O nome da história é “Outside de Box” (“fora da caixa”) e você pode lê-la aqui – infelizmente, está em inglês. Foi criada pelo incrível site Positive/Negatives. Pretendo falar em breve sobre ele aqui no Hábito de Quadrinhos, mas, em resumo, é uma equipe sediada na Inglaterra que narra, em quadrinhos, histórias reais que abordem direitos humanos ou questões sociais. Preconceito contra a religião, claro, entra aqui.

A história em quadrinhos de que falo foi feita a partir de uma pesquisa – o que é inovador. O objetivo era saber como o islã, e seus seguidores, são vistos dentro de universidades britânicas.
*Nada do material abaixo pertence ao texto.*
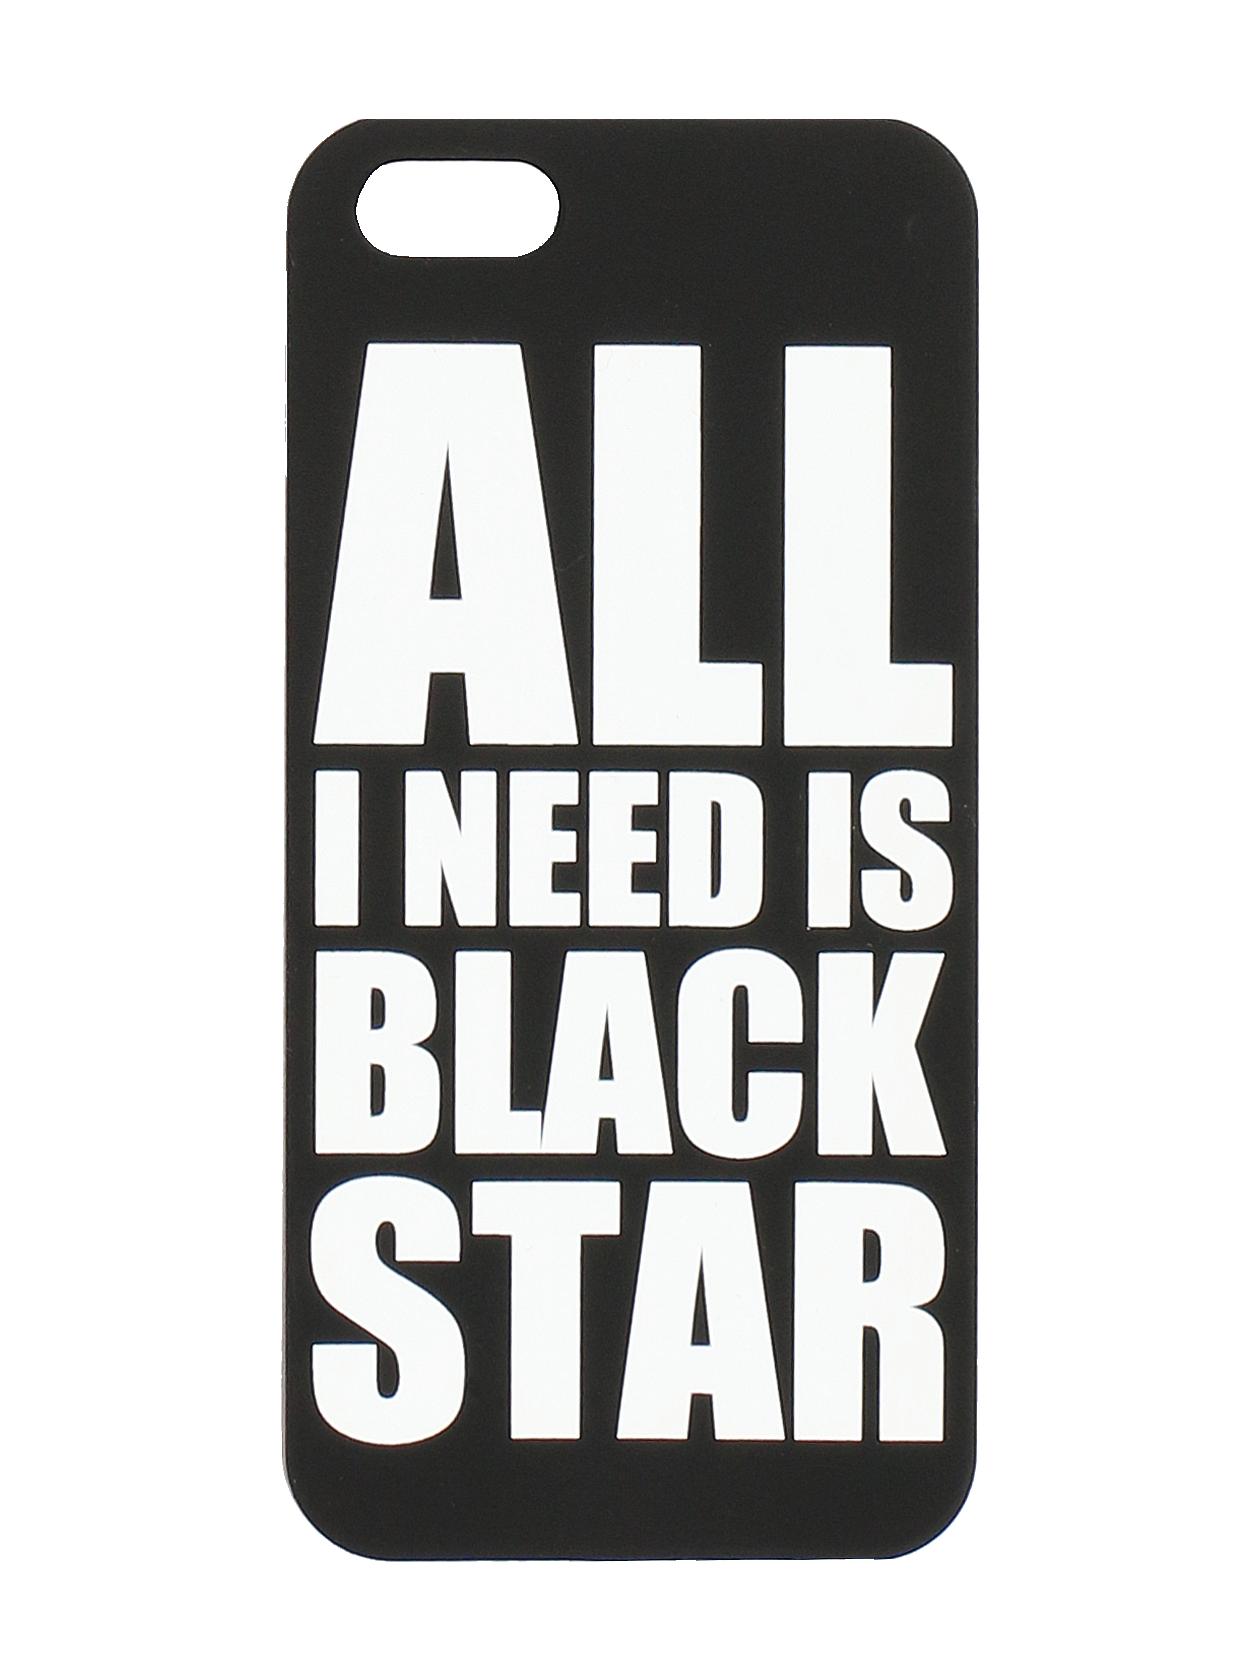 Чехол для iPhone 5/6/6+ All I Need Is Black StarЧехол для iPhone из коллекции Black Star Wear. Матовая поверхность с контрастным белым принтом. Защитный кейс из ударопрочного пластика повторяет форму гаджета и защищает его от вредного внешнего воздействия, сколов и пыли, сохраняя при этом доступ ко всем кнопкам и разъёмам. Модель доступна в чёрном и розовом цветах.<br><br>Размер: 6+<br>Цвет: Черный<br>Пол: Унисекс

A primeira parta da pesquisa, claro, foi ouvir as pessoas:  2.000 estudantes de cerca de 90% das universidades locais. Essas informações foram coletadas e separadas. As partes mais significativas foram selecionadas para a HQ. Era importante retratar a opinião tanto dos muçulmanos como dos não-islâmicos.

As ilustrações são, intencionalmente, simples. Na parte do site em que o Positive/Negatives se apresenta, eles falam isso: que suas HQs são simples, mas não simplistas. O que eles querem é contar uma história. No caso dos temas que abordam (direitos humanos e questões sociais), optam pela clareza. Não querem que algo atrapalhe o que está sendo narrado, como um roteiro cheio de idas e vindas ou uma arte caricata ou abstrata demais.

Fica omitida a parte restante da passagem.